Retype nothing except the lines below from the one with "Hand OK sign isolated on white background" through the one with "Lord Shiva, The Supreme God of Hindus", exactly, with images left out.

Data shown:
────────────────────

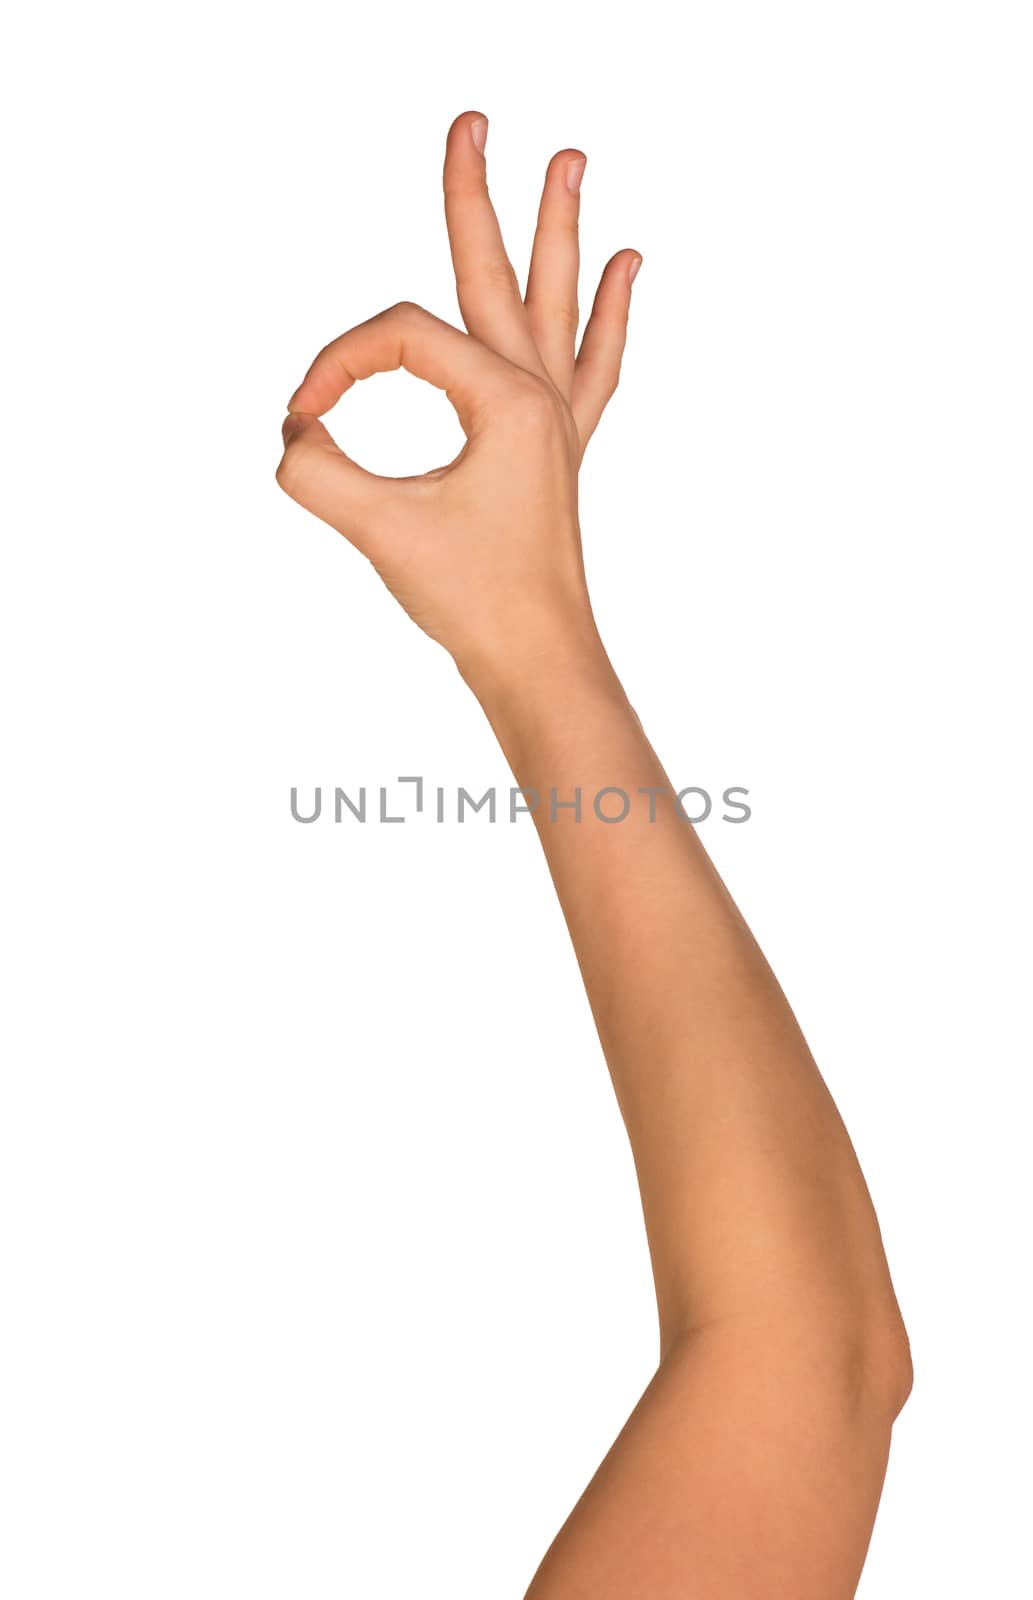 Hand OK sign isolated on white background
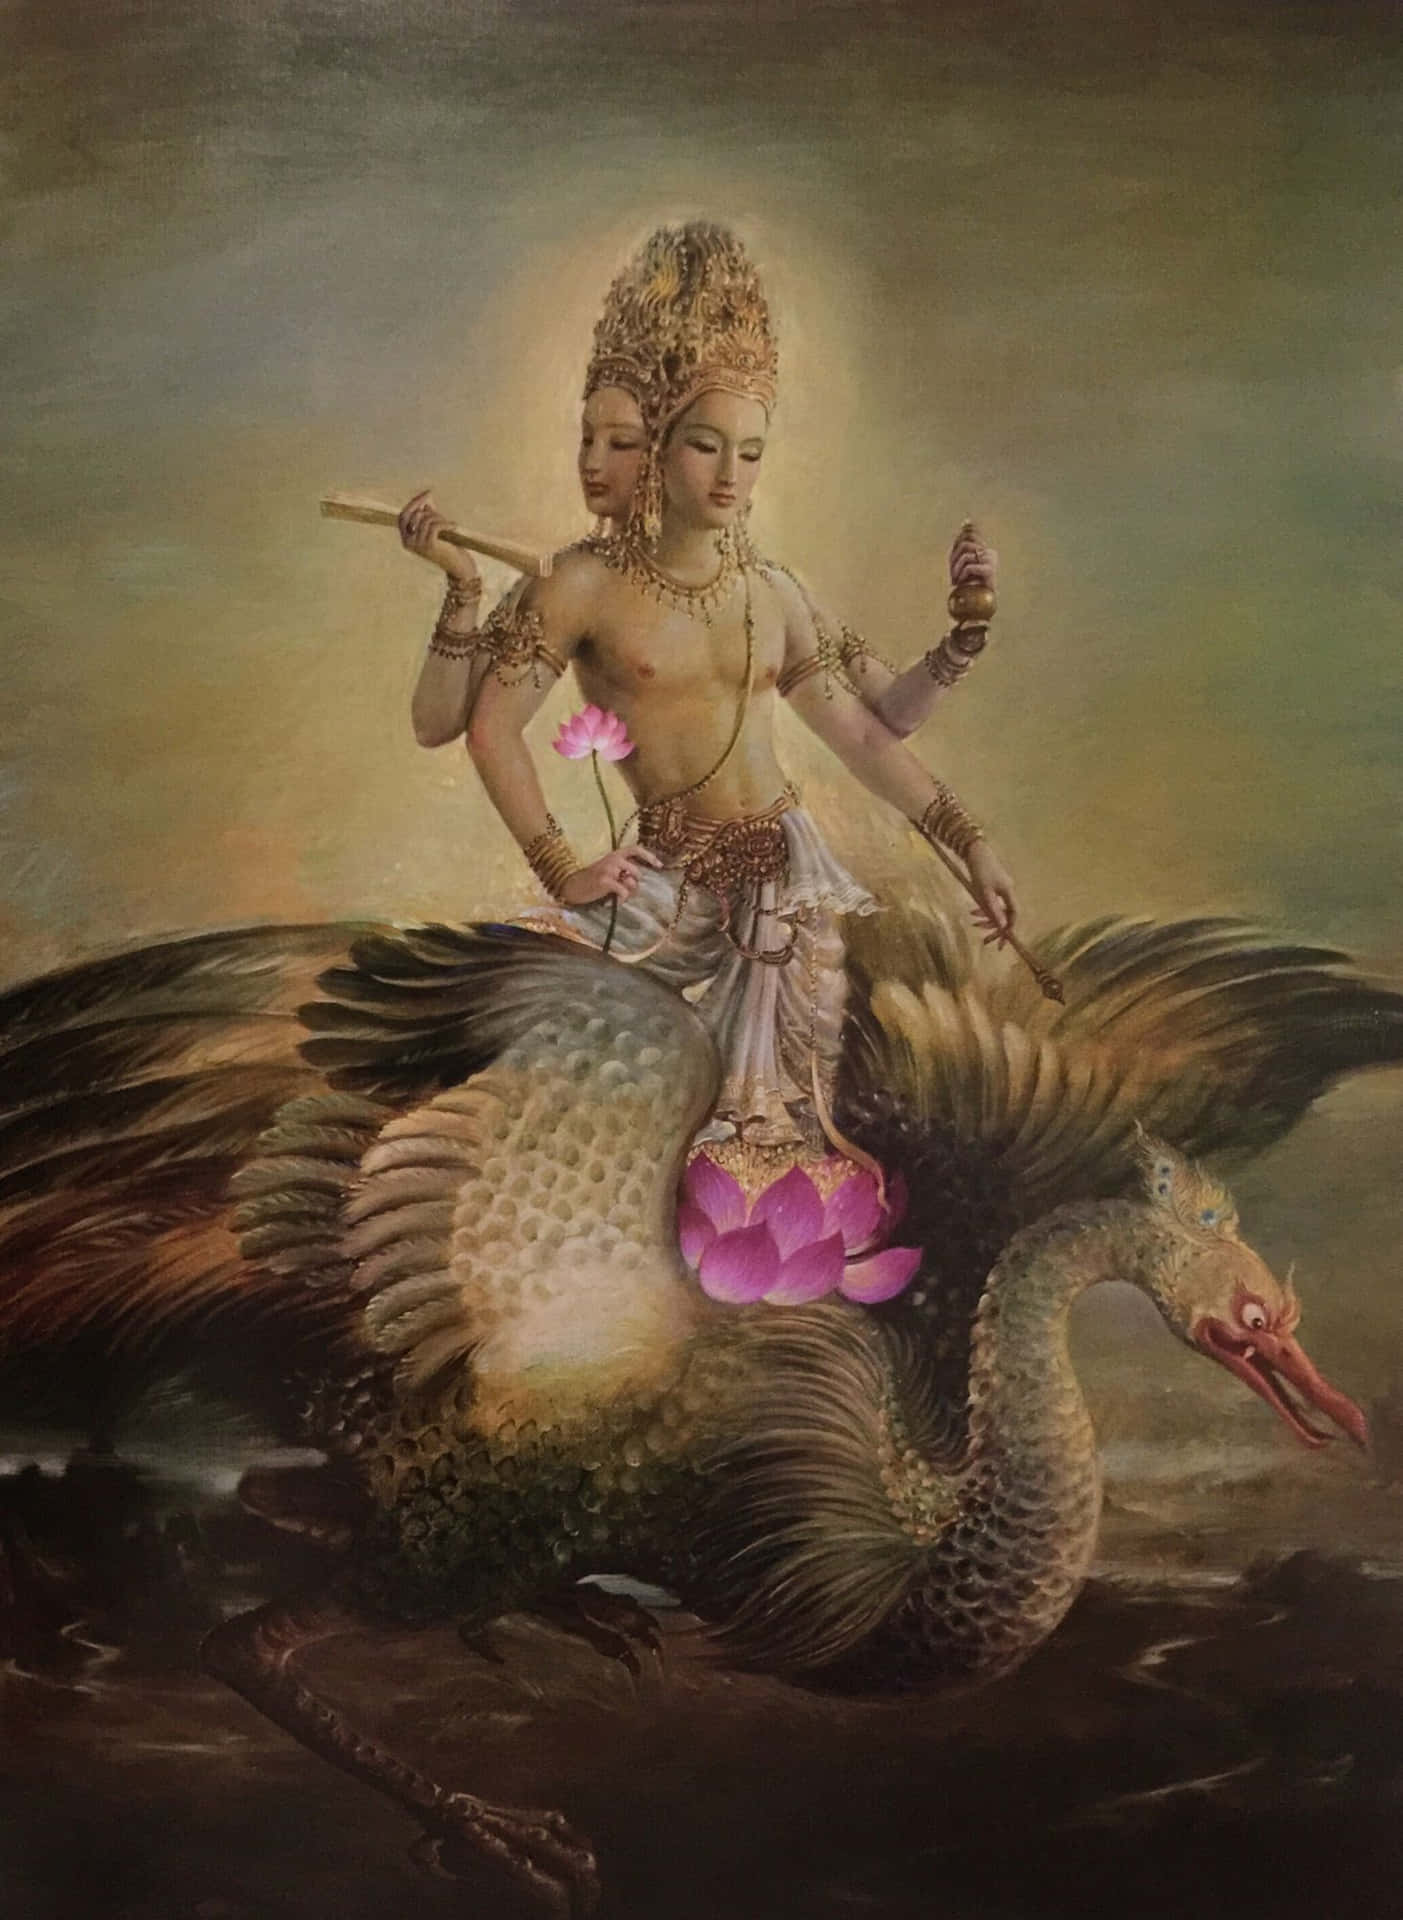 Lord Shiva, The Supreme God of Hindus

────────────────────

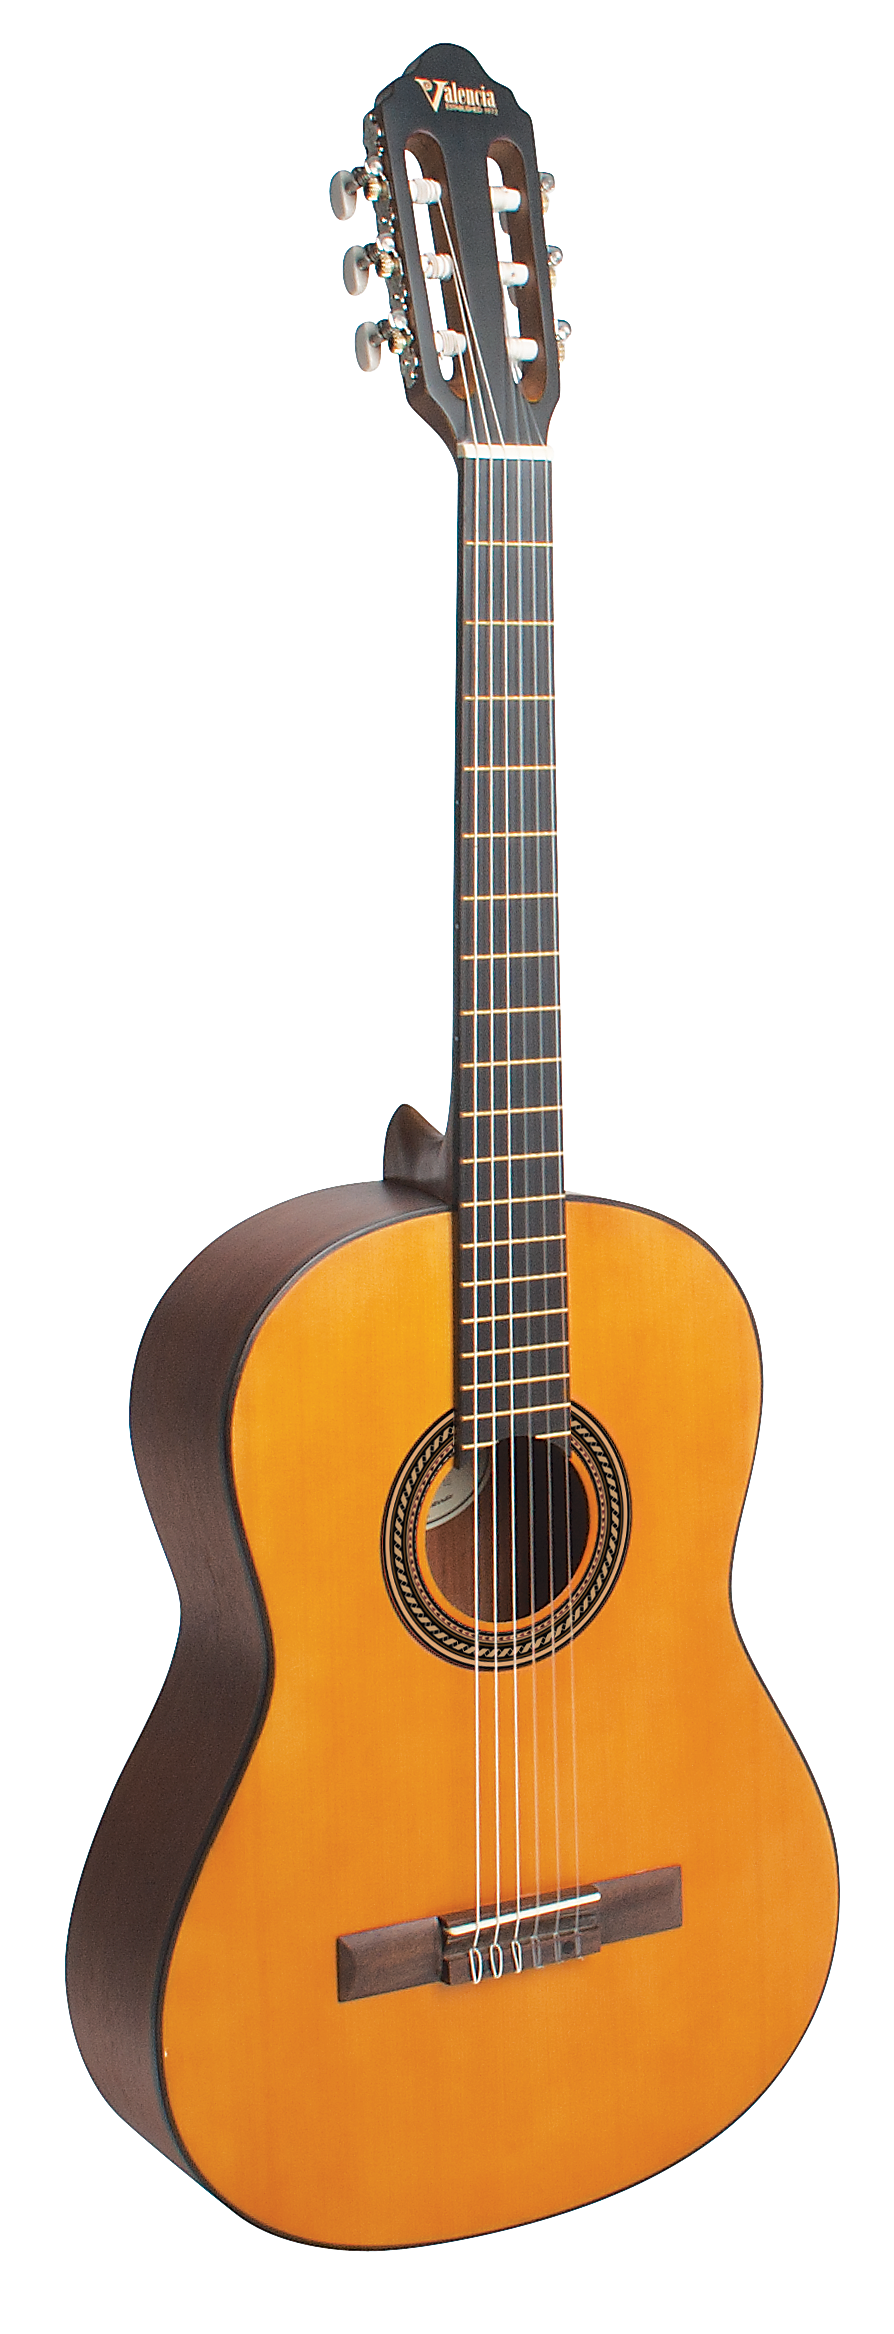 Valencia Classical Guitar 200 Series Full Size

────────────────────

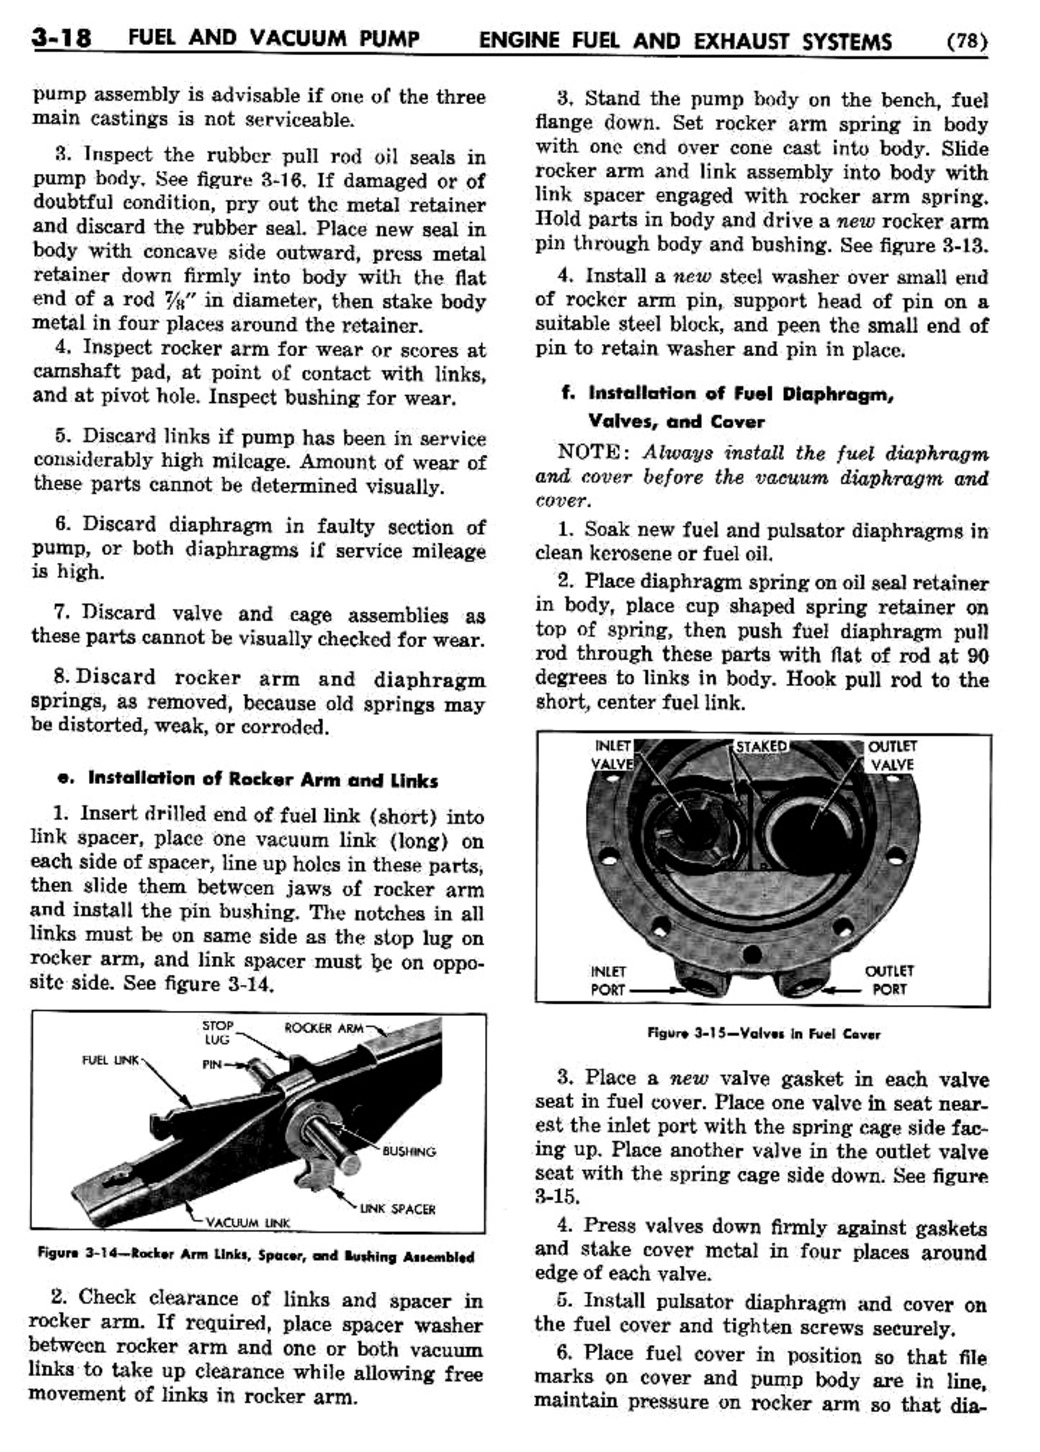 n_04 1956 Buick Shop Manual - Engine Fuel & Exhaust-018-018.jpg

────────────────────

Written solution:
 Hand OK sign isolated on white background
 Lord Shiva, The Supreme God of Hindus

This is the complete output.